Revision #1 to TR07-105 | 30th October 2007 00:00

#### A Note on Set Cover Inapproximability Independent of Universe Size Revision of: TR07-105

Revision #1
Authors: Jelani Nelson
Accepted on: 30th October 2007 00:00
Keywords:

Abstract:

In the set cover problem we are given a collection of $m$ sets whose
union covers $[n] = \{1,\ldots,n\}$ and must find a minimum-sized subcollection
whose union still covers $[n]$. We investigate the approximability of set cover
by an approximation ratio that depends only on $m$ and observe that, for any
constant $c < 1/2$, set cover cannot be approximated to within
$O(2^{\log^{1-1/(\log\log m)^c} m})$ unless SAT can be decided in slightly
subexponential time.
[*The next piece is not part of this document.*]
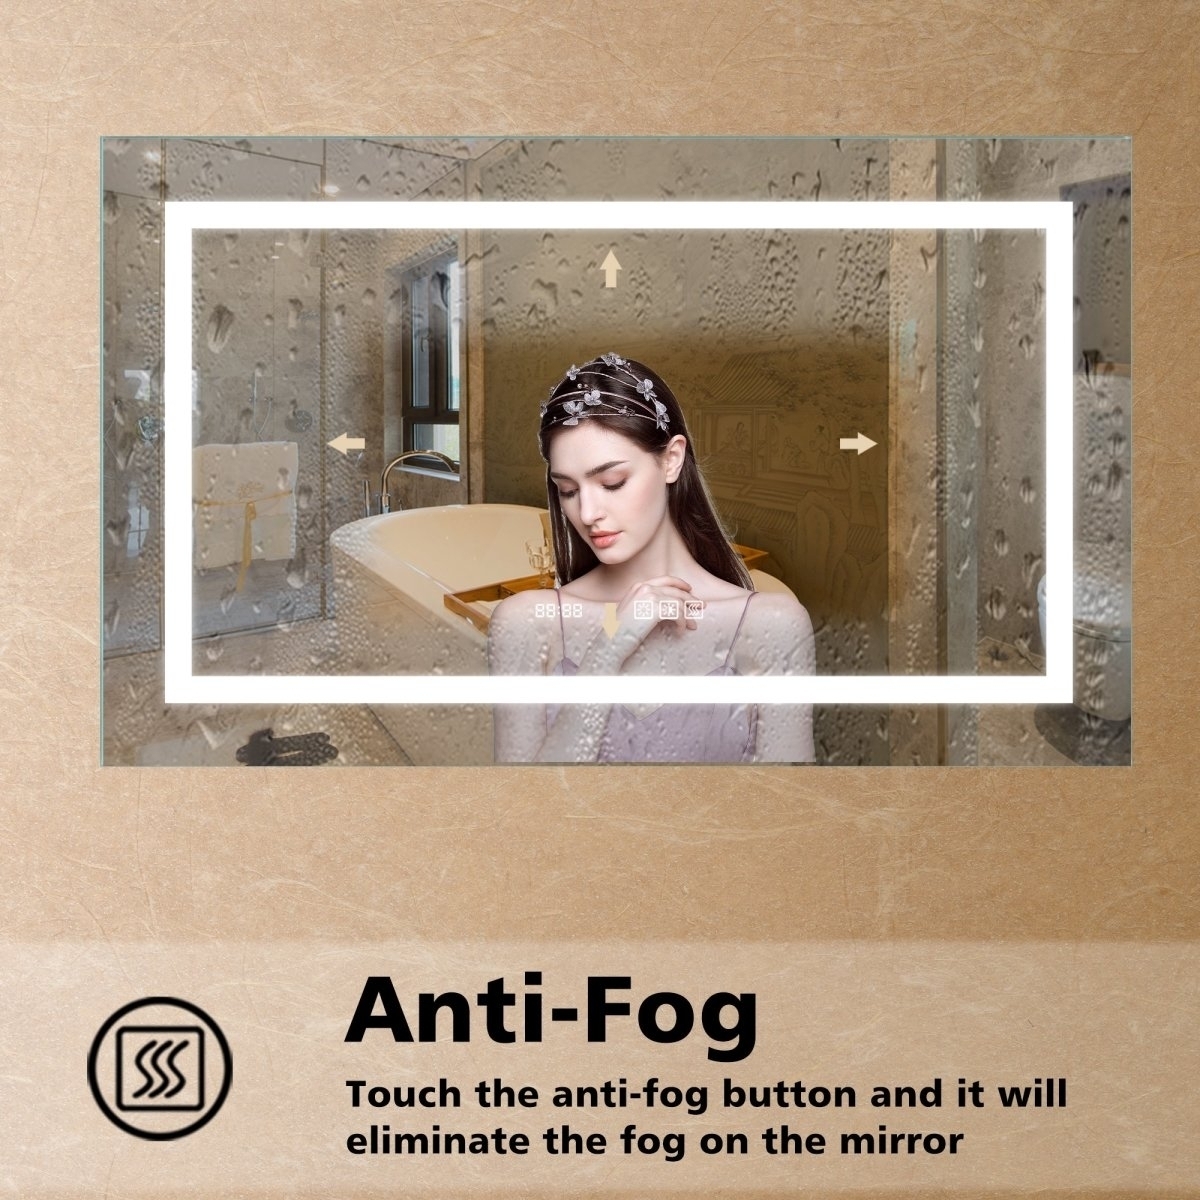 Ascend-M2 40 W X 24 H Bathroom Led Light Mirror Anti Fog With Digital Clock Lighted Vanity Mirror
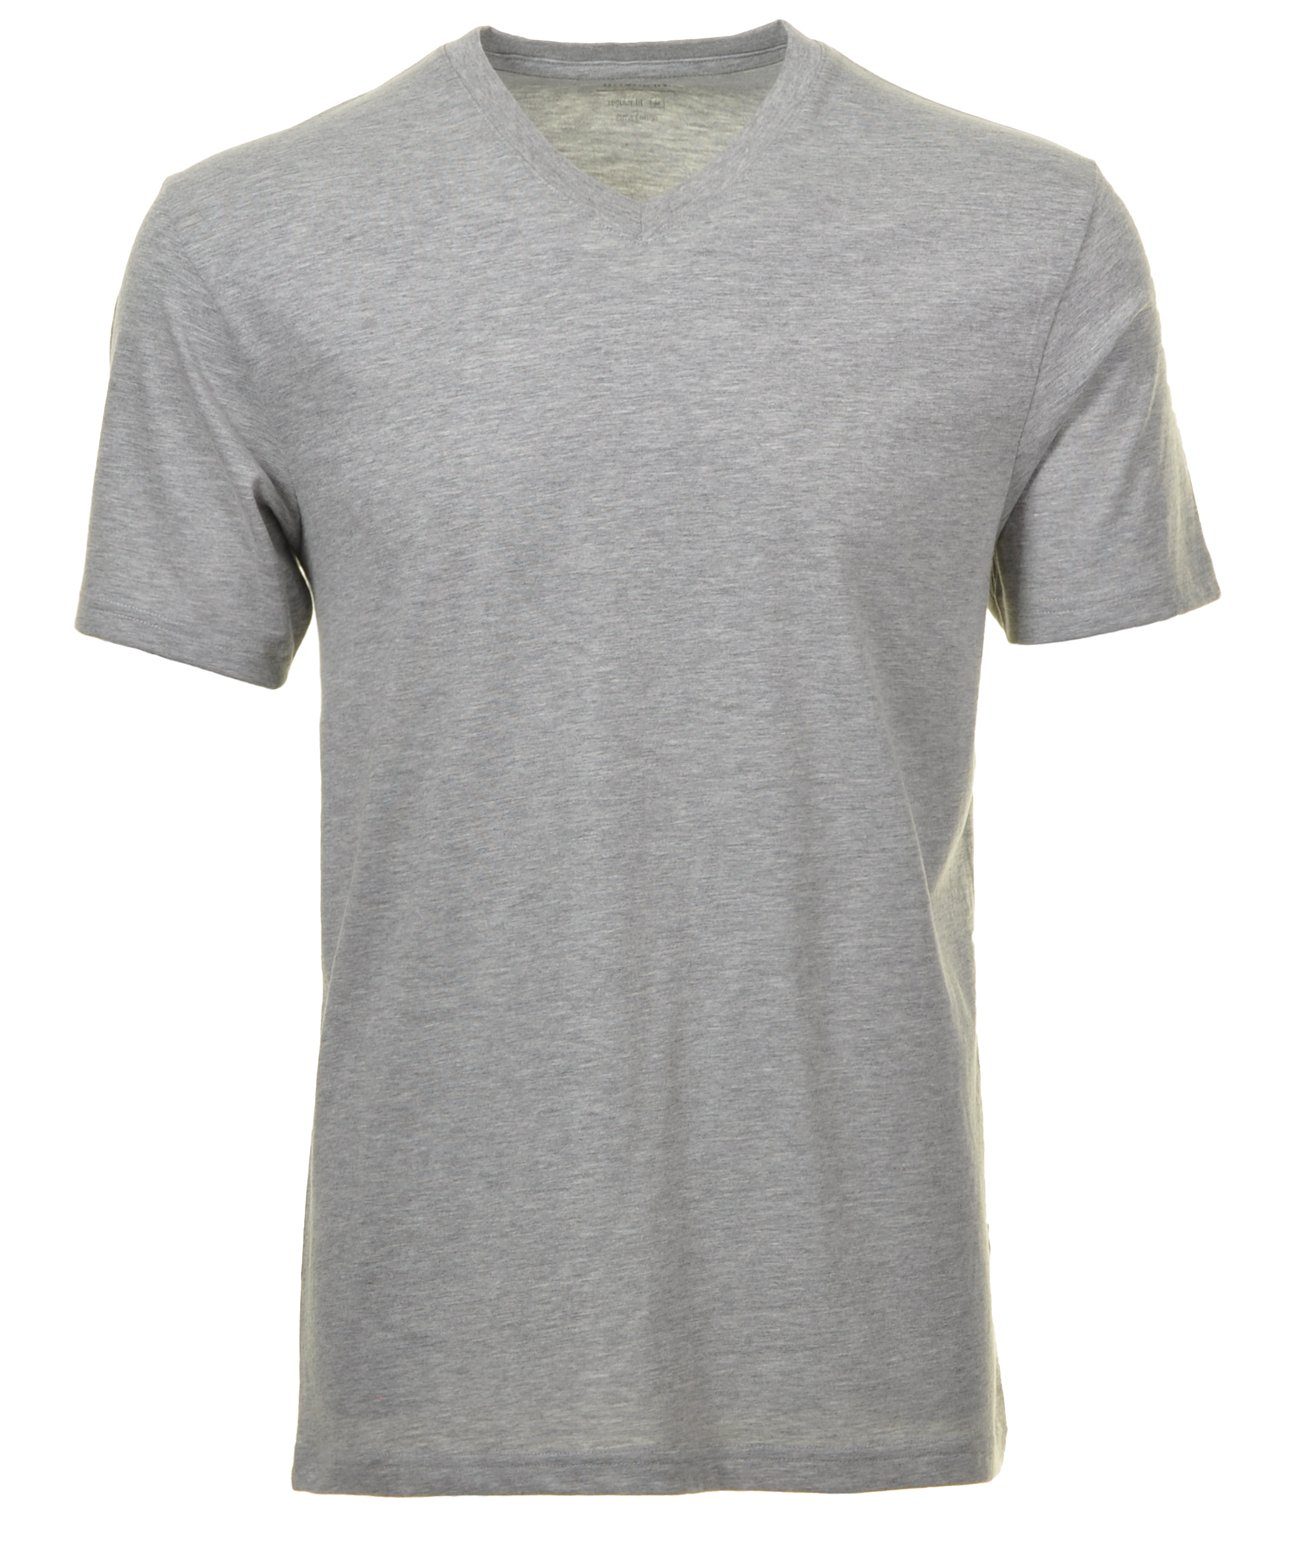 Grau-Melange RAGMAN T-Shirt

The main ingredients in the observation are the
$\Omega(\log n)$ hardness of approximation proof of Lund and Yannakakis and a
hardness result for label cover due to Dinur and Safra.

### Paper:

TR07-105 | 21st September 2007 00:00

#### A Note on Set Cover Inapproximability Independent of Universe Size

TR07-105
Authors: Jelani Nelson
Publication: 25th October 2007 01:46
In the set cover problem we are given a collection of $m$ sets whose union covers $[n] = \{1,\ldots,n\}$ and must find a minimum-sized subcollection whose union still covers $[n]$. We investigate the approximability of set cover by an approximation ratio that depends only on $m$ and observe that, for any constant $c < 1/2$, set cover cannot be approximated to within $O(2^{\log^{1-1/(\log\log m)^c} m})$ unless SAT can be decided in slightly subexponential time. We conjecture that polynomial time $m^{1-\epsilon}$-approximation is impossible for any $\epsilon > 0$ unless SAT can be decided in subexponential time.